How CO2-EOR Works
Why is CO2 injection such an effective tactic for producing remaining OOIP when primary and secondary recovery techniques have peaked? Several physical mechanisms enhance oil production when CO2 is introduced into the reservoir.
If the technology is applied after water flooding, the goal is to produce the mobile oil that was bypassed by water and the immobile residual oil trapped by capillary force. In the desirable case where the reservoir pressure is above the minimum miscibility pressure (MMP) and the injected CO2 and residual oil are miscible, the physical forces holding the two phases apart (interfacial tension) effectively disappear. This promotes a mass transfer of light and intermediate hydrocarbons, which reduces the residual immobile oil saturation. Additionally, the CO2-rich oil phase expands, regaining mobility. Mass transfer is improved at higher pressure, lower reservoir temperature and lighter oil. A reduction of mobile oil saturation can also be achieved through viscosity reduction, and pressure increase.
Because CO2-EOR is a displacement process, CO2 is injected into the deep subsurface rock reservoir through an injection well to displace oil toward a production well. CO2 is produced along with reservoir fluids, separated at the surface and, commonly, re-injected into the reservoir. The cycle repeats throughout the operation. For over 45 years, since the initial SACROC commercial development, the number of CO2-EOR projects has continued to grow steadily. This body of experience and success in the oil and gas industry has contributed to the development of CO2 handling, transportation and injection practices and technologies that are applicable to the development of CCUS regulations and the commercial development of CCUS projects.
Net Carbon Footprint of CO2-EOR
Even though large amounts of CO2 are geologically stored through EOR, the extent to which the technology can reduce greenhouse gas emissions remains an important question. We are able to address this through lifecycle analysis (LCA). LCA is a process that assesses the environmental impact that occurs throughout a product’s lifecycle, from raw materials acquisition through production, use, final treatment, recycling, and disposal.

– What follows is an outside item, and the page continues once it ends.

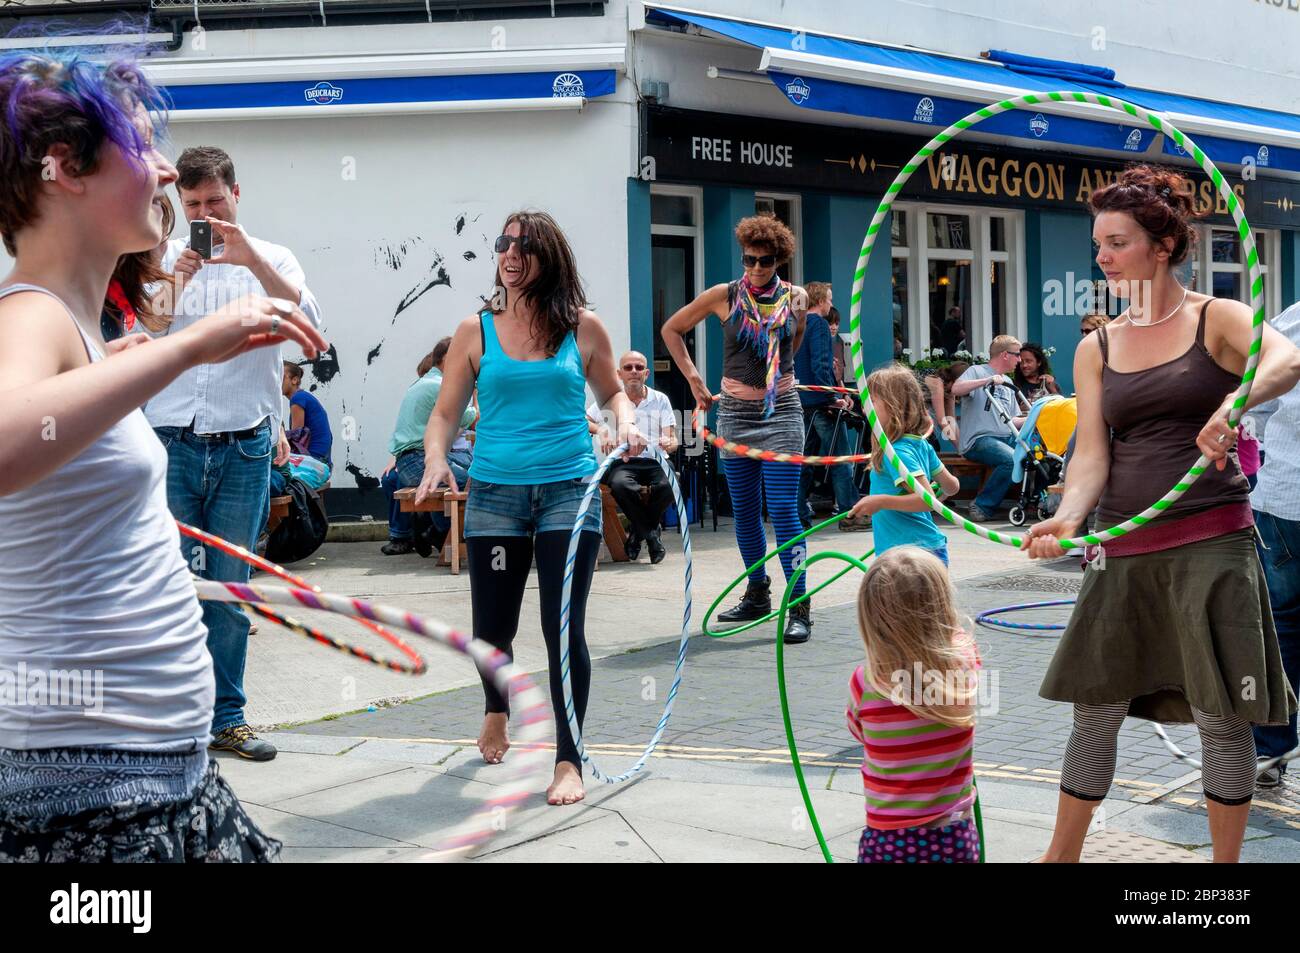 Women and young girls playing with hula hoops in the crowded streets during the Brighton Festival 2012 in Brighton, United Kingdom Stock Photo
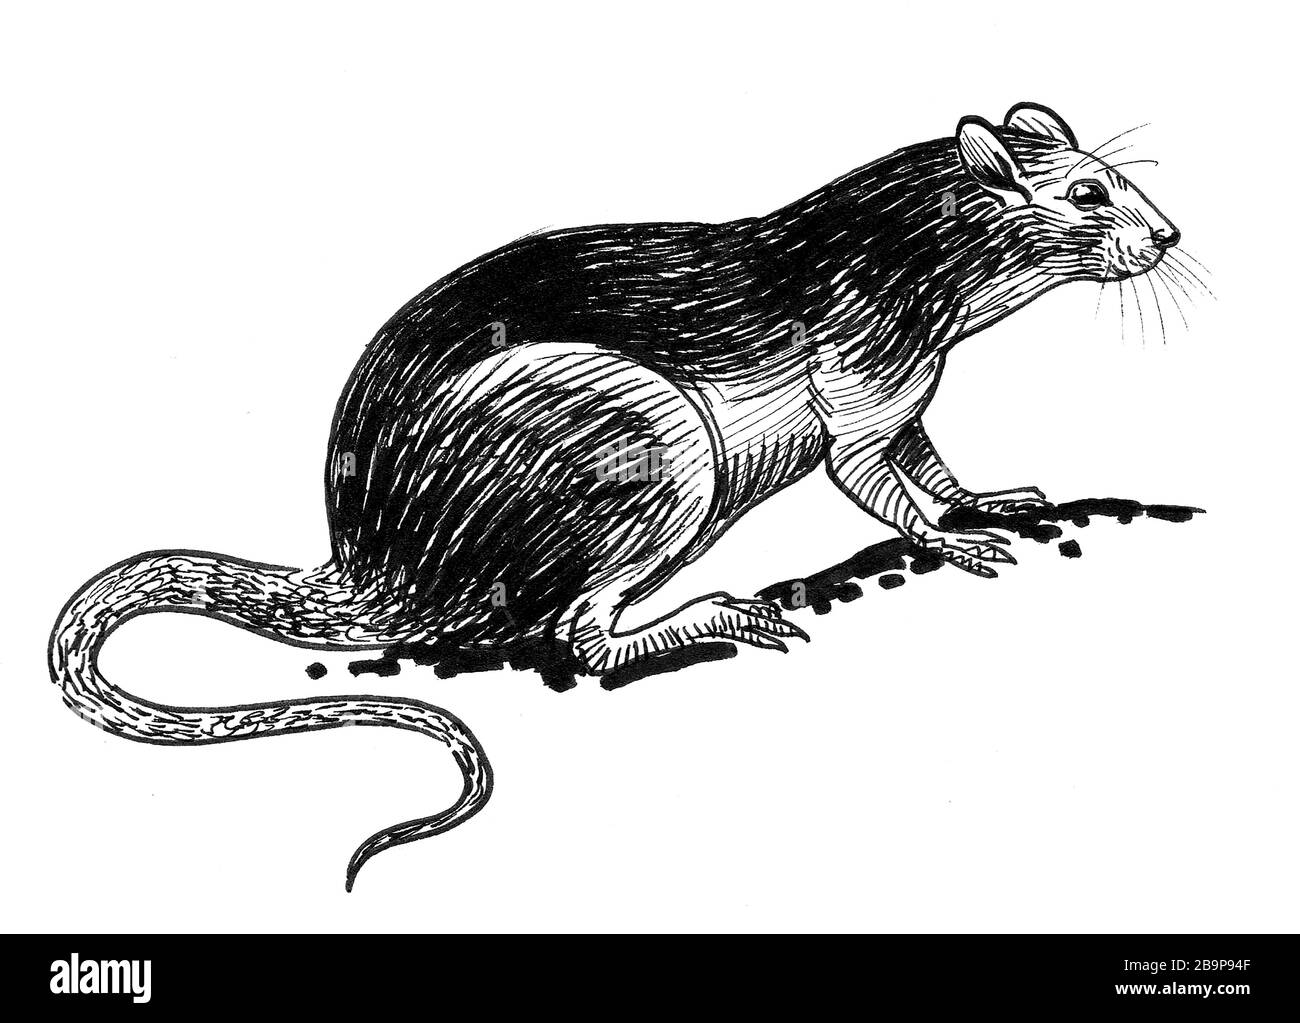 Common rat. Ink black and white drawing Stock Photo

Important components of LCA applied to CCUS operations with EOR are the efficiency of the CO2-displacement process, which controls critical economic parameters such as oil production rate, CO2-utilization rate (mass of CO2 injected per barrel of oil produced), and CO2-recycle ratio. All these parameters are affected by reservoir rock characteristics, oil quality, production history, and other site-specific parameters. A first understanding of how all these variables play out in a specific setting is provided by reservoir modeling, a valuable tool used to visualize (among other things) the areal extent of the CO2 plume, as well as how the plume behaves within the subsurface. Results from reservoir modeling are used to delineate the extent of the area to which the CO2 plume will migrate and corrective action required in Class II injection operations.
LCA applied to CO2-EOR answers the question of whether CO2 emissions resulting from the EOR energy consumption and, more significantly, from the combustion of the incremental oil produced, are offset by the mass of anthropogenic CO2 stored. Recent studies at The University of Texas at Austin Bureau of Economic Geology on LCA for EOR conclude that the technology has potential for decarbonization during the first several years of operation.2Nuñez-López, V., & Moskal, E. (2019). Potential of CO2-EOR for Near-Term Decarbonization. Frontiers in Climate, 1, 5.